Postby Luna » Sat Sep 05, 2009 12:49 pm

My pdoc currently has two trials running, one for bipolar mania and one for bipolar depression. He's talked to me about both.

The mania trial is testing the efficiency of SeroquelXR alone, or in combination with lithium, for acute mania. As far as I know, SeroquelXR isn't yet available in South Africa, so it's probably a local trial before local release.

The depression trial is to test a new drug, called lorazodone. I can find NOTHING about it online, so it must be brand new. I am totally guessing here, but from the last part of the name, it sounds as if it might be in the same class as trazodone (Desyrel, Molipaxin) and nefazodone (Serzone). From Wiki: "Trazodone is a psychoactive drug of the piperazine and triazolopyridine chemical classes that has anti-depressant, anxiolytic, and hypnotic properties." I'd probably have jumped at this one, before we tried Seroquel but now I don't think so...
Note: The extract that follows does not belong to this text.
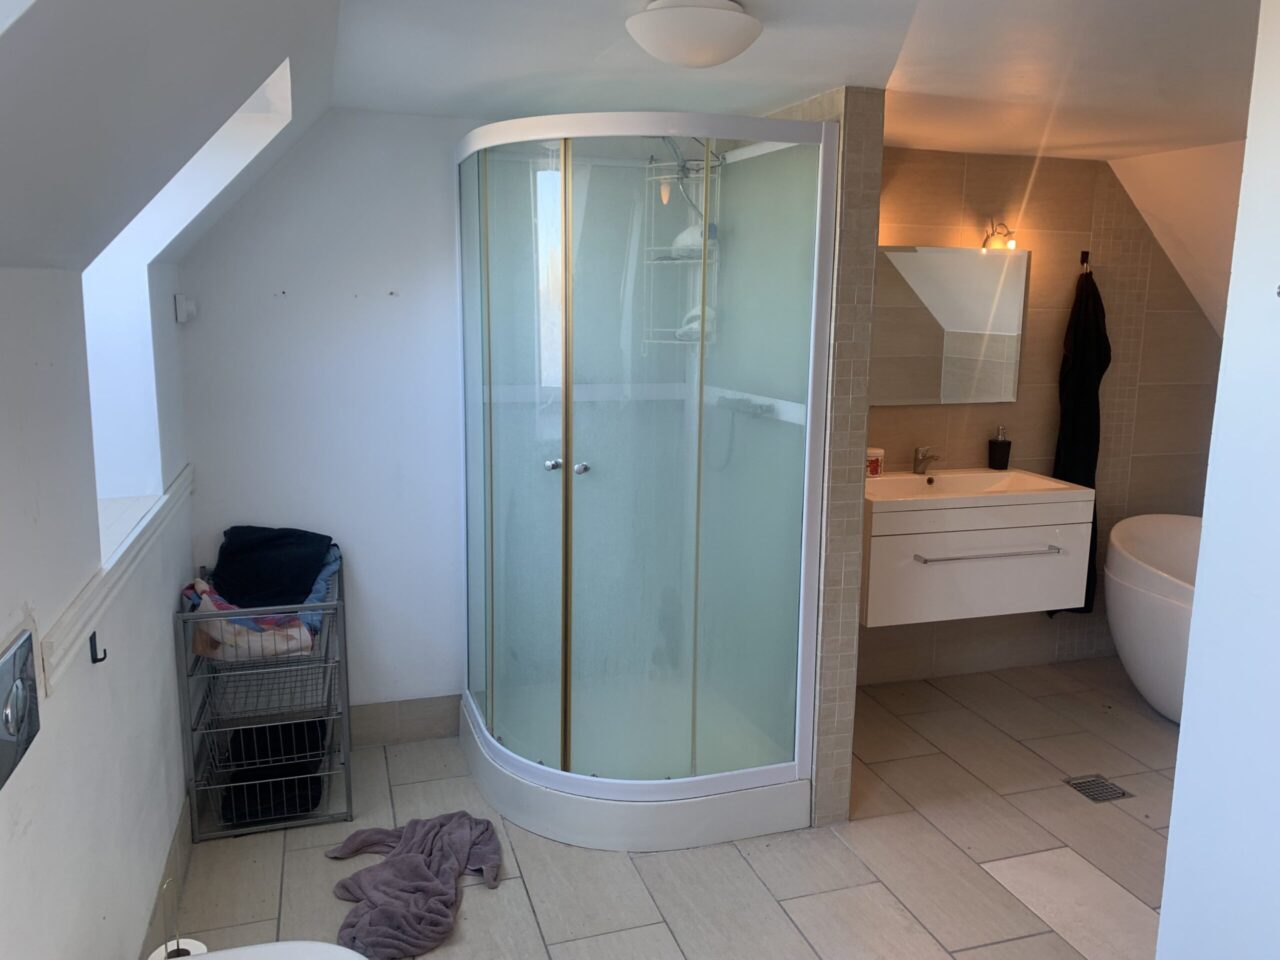 Investeringsejendom i Christiansfeld - Lyst badeværelse med hvide vægge og lyse fliser, der er en bruserkabine, håndvask og et spejl

On Monday last, the pdoc told me more about the SeroquelXR trial. IF I were to join it, I would be hospitalised for a short period, maybe just for a day. I guess it depends on how severe the mania is. That's no big deal to me. My Wellbutrin and Lamictin would then be stopped. That's a much bigger deal to me. My Seroquel swould be switched to the XR version. I'm interested for mainly one reason and that is whether my akathesia would be reduced by the XR, because of more stable blood levels. And if the XR is better for me, I'd have access to it before release. So I'm asking whoever can answer this from experience: If you had akathesia or Restless Legs Syndrome while taking Seroquel, did a switch to the XR help? Did the XR help more than the immediate release, with other SEs?

The reason I am pondering, is that I know how I get when I'm manic. I'm most agreeable and friendly (except when crossed...) and I could easily just agree to join, if it was suggested to me, without having thought it out carefully. Doctors are supposed to put their patients' needs over the needs of the trial, but doctors also have a vested interest in recruiting patients, since trials are very lucrative for doctors... Given all other treatment options being equal, I'm guessing the doc is more likely to recommend the trial. There's a fine line with these things. The cynical me asks: would he really pick the best option for me?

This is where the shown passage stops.